Editing Gaussian integral (section)

===Integrals of similar form===
<math display="block">\int_0^\infty x^{2n}  e^{-{x^2}/{a^2}}\,dx = \sqrt{\pi}\frac{a^{2n+1} (2n-1)!!}{2^{n+1}}</math>
<math display="block">\int_0^\infty x^{2n+1} e^{-{x^2}/{a^2}} \, dx = \frac{n!}{2} a^{2n+2}</math>
<math display="block">\int_0^\infty x^{2n}e^{-bx^2}\,dx = \frac{(2n-1)!!}{b^n 2^{n+1}} \sqrt{\frac{\pi}{b}}</math>
<math display="block">\int_0^\infty x^{2n+1}e^{-bx^2}\,dx = \frac{n!}{2b^{n+1}}</math>
<math display="block">\int_0^\infty x^{n}e^{-bx^2}\,dx = \frac{\Gamma(\frac{n+1}{2})}{2b^{\frac{n+1}{2}}}</math>
where <math>n</math> is a positive integer

An easy way to derive these is by [[Leibniz integral rule#Evaluating definite integrals|differentiating under the integral sign]].
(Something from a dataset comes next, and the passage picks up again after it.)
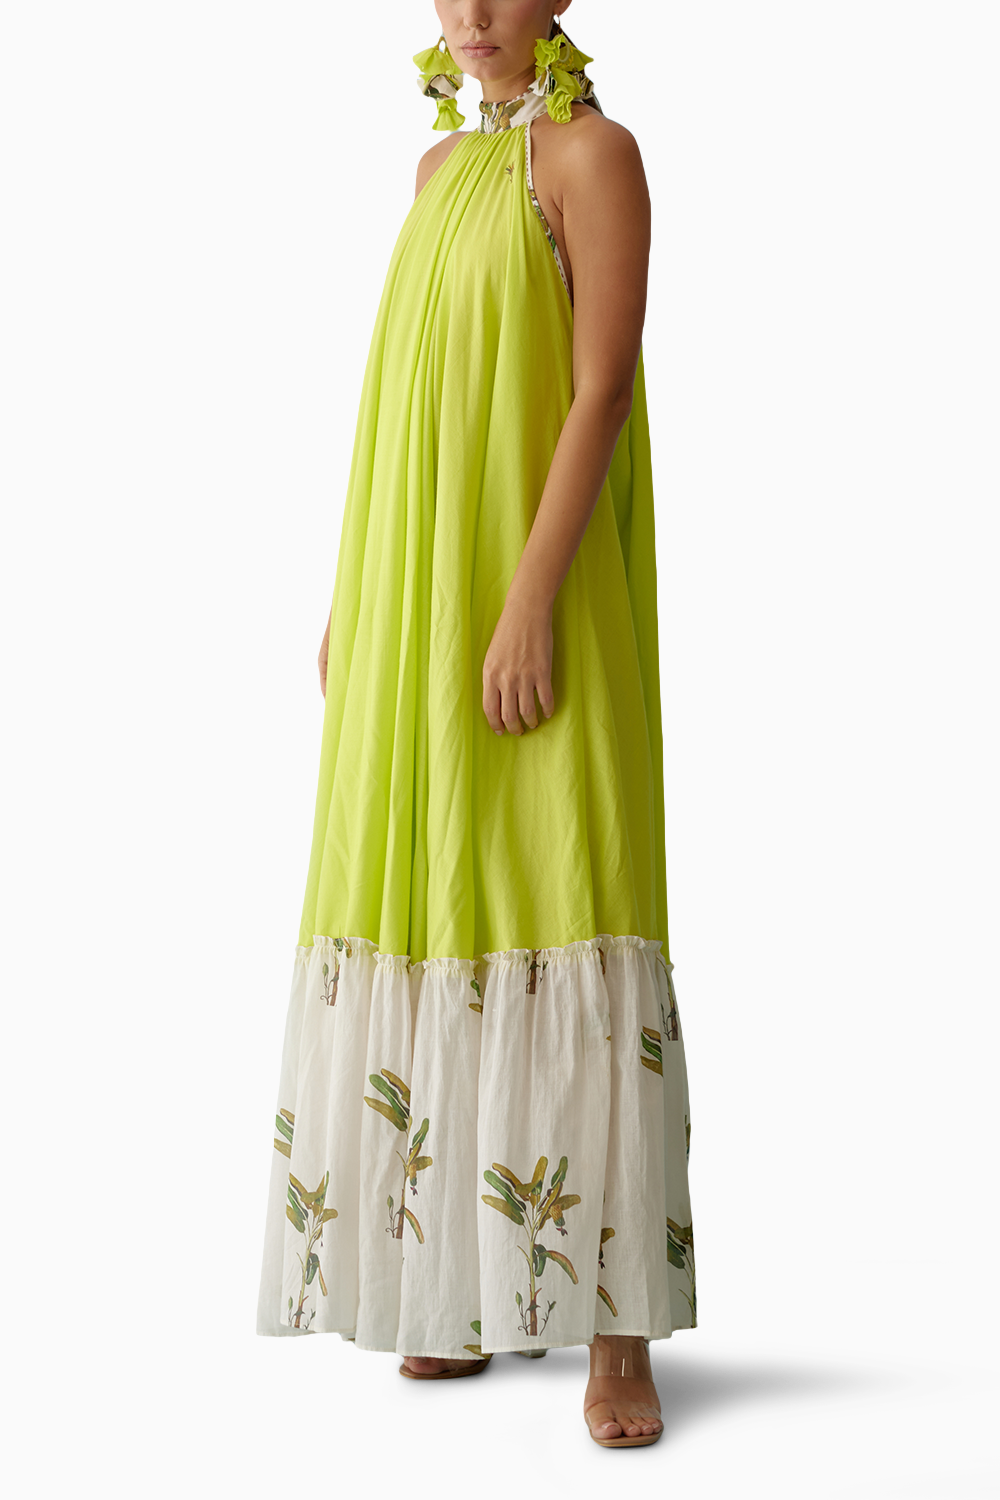 Lime Green Halter Maxi Dress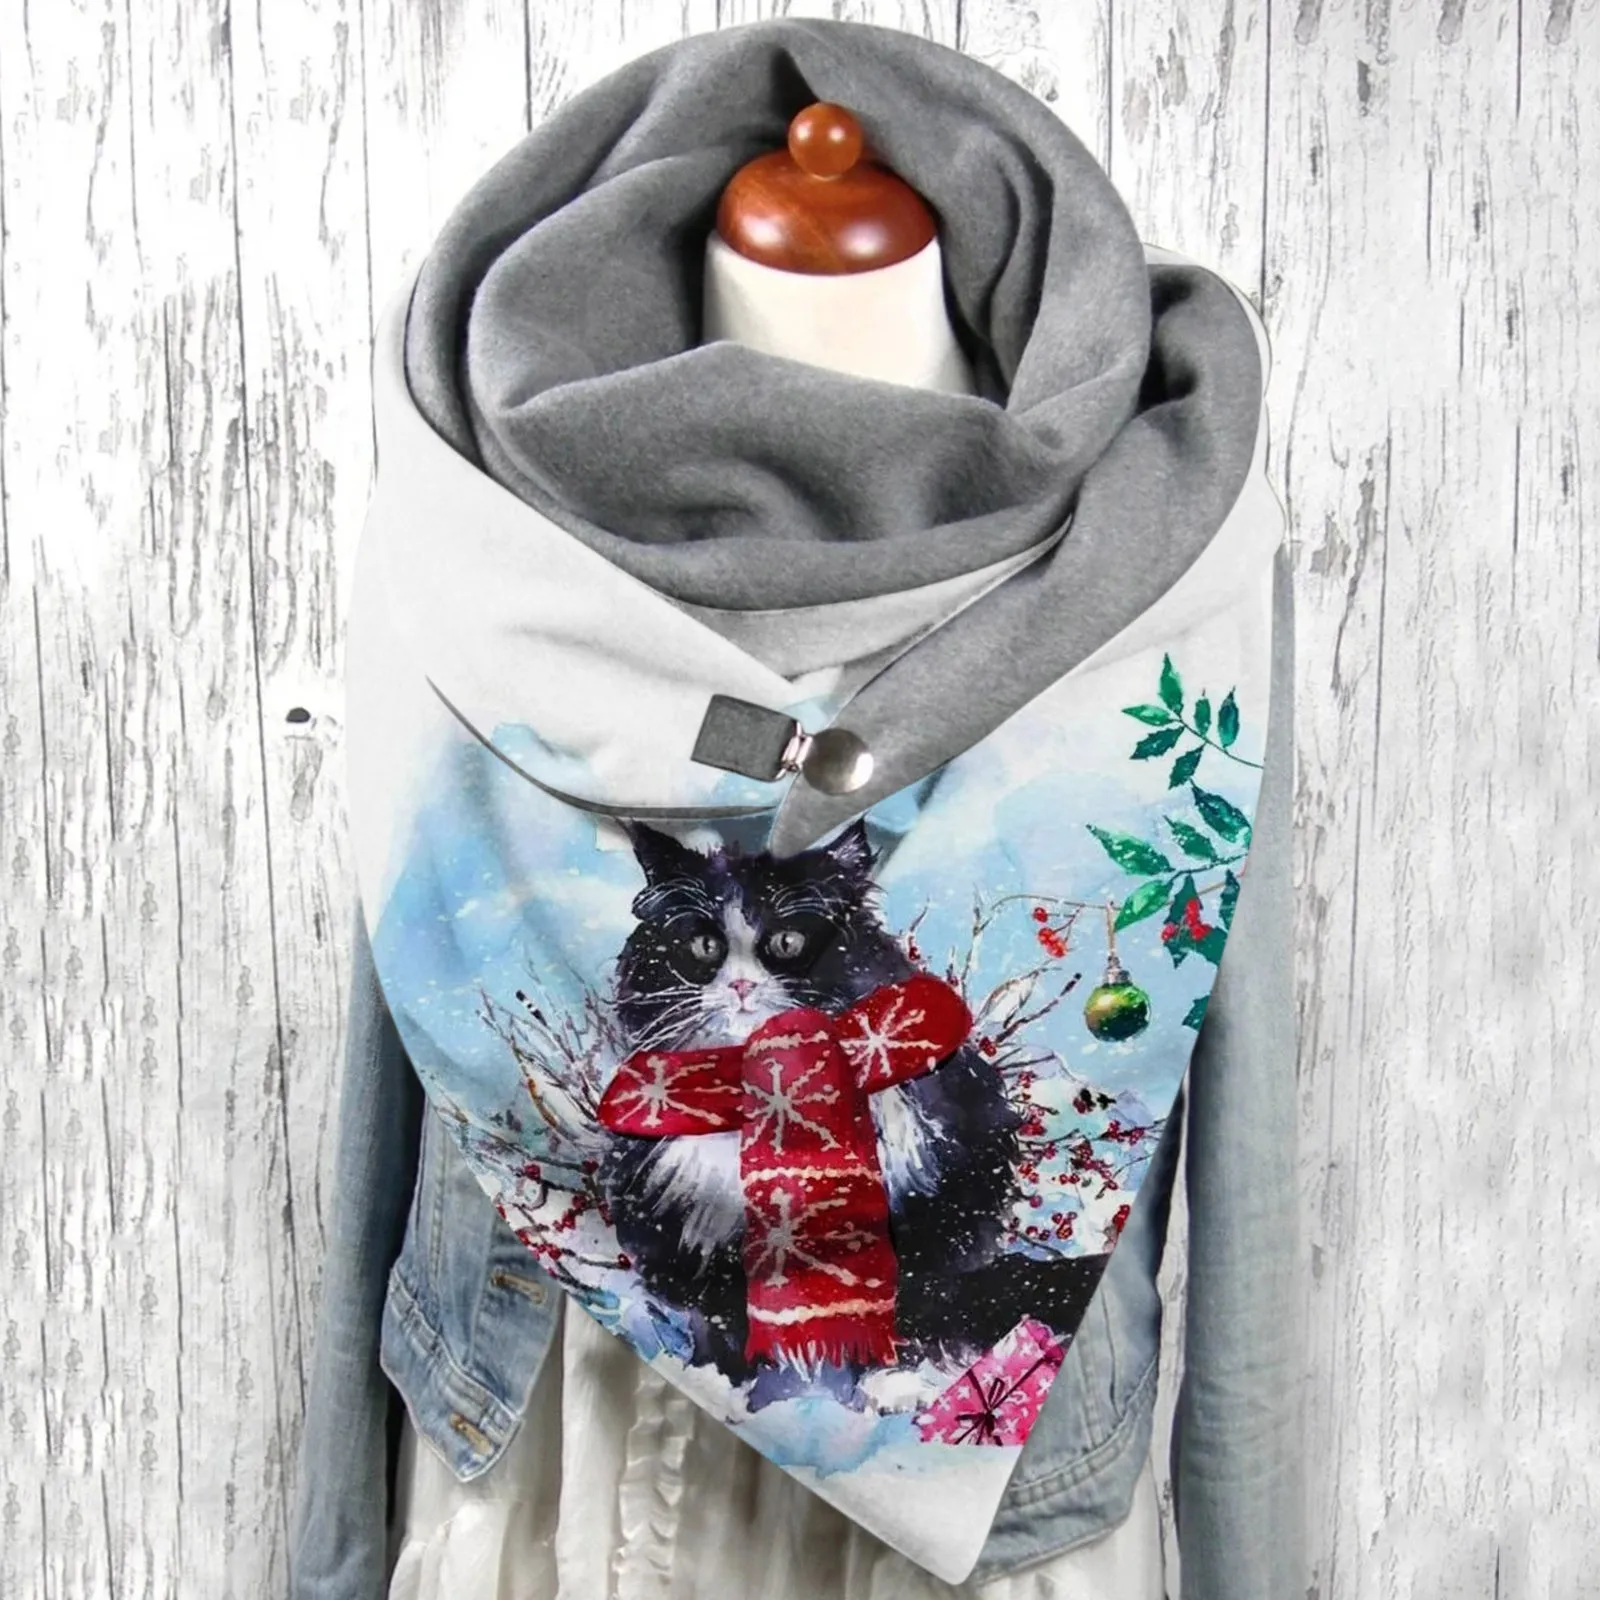 Universal Autumn Winter Warm Windproof Scarf Cat Prints Double-layer Buckle Scarf New Fashion Women Bufanda шарф женский mens white scarf

<math display="block">\begin{align}
\int_{-\infty}^\infty x^{2n} e^{-\alpha x^2}\,dx
&= \left(-1\right)^n\int_{-\infty}^\infty \frac{\partial^n}{\partial \alpha^n} e^{-\alpha x^2}\,dx \\[1ex]
&= \left(-1\right)^n\frac{\partial^n}{\partial \alpha^n} \int_{-\infty}^\infty e^{-\alpha x^2}\,dx\\[1ex]
&= \sqrt{\pi} \left(-1\right)^n\frac{\partial^n}{\partial \alpha^n}\alpha^{-\frac{1}{2}} \\[1ex]
&= \sqrt{\frac{\pi}{\alpha}}\frac{(2n-1)!!}{\left(2\alpha\right)^n}
\end{align}</math>

One could also integrate by parts and find a [[recurrence relation]] to solve this.